You lost me after the third paragraph, so this may not be helpful, but it is a simple formulaic glide path that makes more sense to me than using age.

I use my target balance at retirement and target bond % at retirement.

I think I can retire when my portfolio reaches about 1.5 M. I've accumulated 34.3% of that. I plan to have 70% allocated to bonds when I retire. 70 X 34.3% = 24%, therefore, my current allocation is 76% equities, 24% bonds.
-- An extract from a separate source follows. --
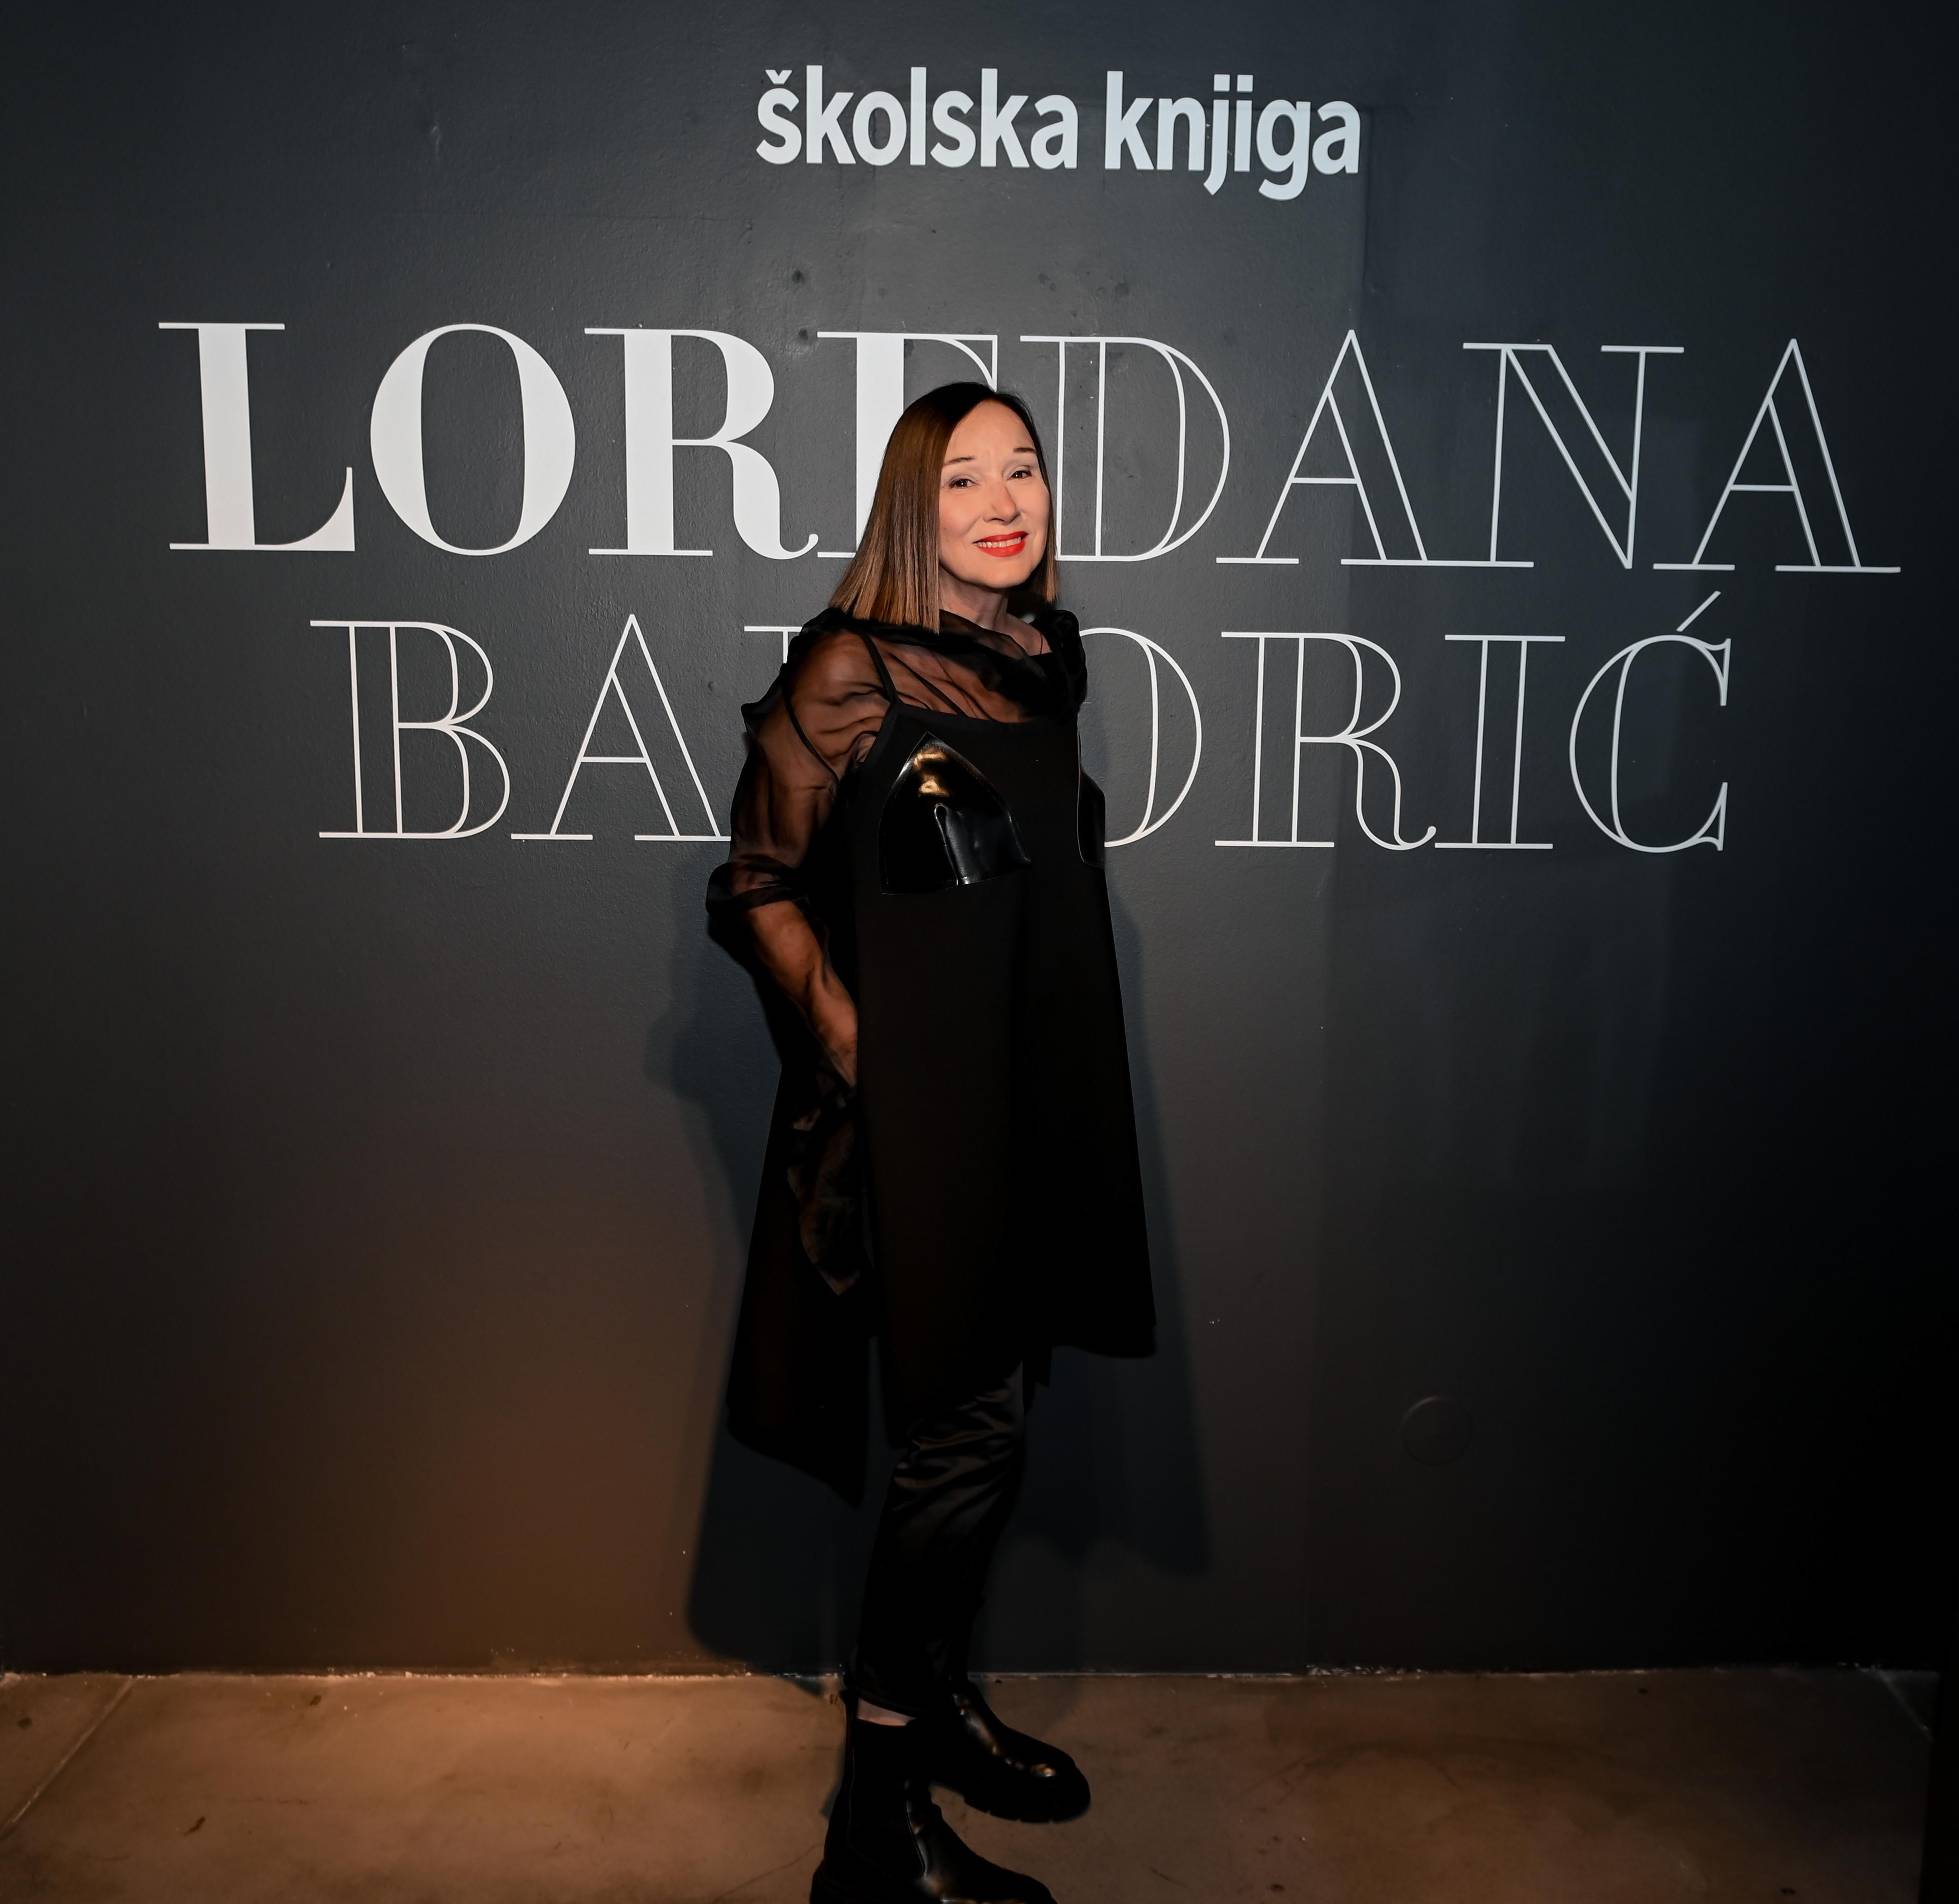 U Galeriji Kranjčar predstavljena monografija u luksuznom izdanju o jednoj od najvažnijih hrvatskih modnih dizajnerica

On the day I hit "my number", regardless of my age, I will have exactly 30% equities, 70% bonds.
Livin' the dream

Patzer
Posts: 69
Joined: Wed Jun 10, 2015 10:56 am

### Re: A glidepath formula

I use IF statements to choose when the glide path starts downwards and when it stops moving downwards.
This allows me to maintain maximum equity allocation until a set number of years before retirement, and move towards the retirement allocation in equal percents each year.
In the example below, 90% equity is held until 42, then equity allocation reduces by 2% per year until 62, when it stops at 50%.

IF(Current Age<(Retirment Age-Glide Path Years),Max Equity Allocation,IF(Current Age>Retirment Age,Retirement Equity Allocation,((Max Equity Allocation-Retirement Equity Allocation)*(Retirment Age-Current Age)/Glide Path Years)+Retirement Equity Allocation))

An example, in excel would be setting your variables in A1:B5
Retirement Age 62
Current Age 45
Max Equity Allocation 0.9
Retirement Equity Allocation 0.5
Glide Path Years 20
Then, putting the calculation in another cell:
=IF(B2<(B1-B5),B3,IF(B2>B1,B4,((B3-B4)*(B1-B2)/B5)+B4))=.84 Current Equity Allocation

*Note this is not my actual variables, just an example of how I use my formula.*

AnonJohn
Posts: 181
Joined: Wed Oct 07, 2015 2:45 pm

### Re: A glidepath formula

Thanks all for the stimulating discussion!

@Iceport: I agree. There's little to no justification for distribution stage shape of the curve. I was following the "wisdom" of the professional curves, which you and AlohaJoe have quite reasonably (IMHO) questioned.

@Paul: ; I have coded it in my spreadsheet. But I have 8-10 years before it changes appreciably from "75% stocks".

@Morse Code: I like your formula. Elegant/simple (and dimensionally correct!). Surprised I hadn't seen that posted before, but perhaps I'm just not well read enough. I think it's a continuous version of Klang's approach. ("% of Enough"). The main weaknesses I see are in the extremes: If you retire very young, risk may not match long-term needs; if you try but fail to reach a portfolio size, you could carry too much risk into a forced retirement. But these could be addressed by revisiting target allocation and portfolio size periodically.

The more I read and think on this, the more I appreciate White Coat Investor's post for capturing the relevant considerations.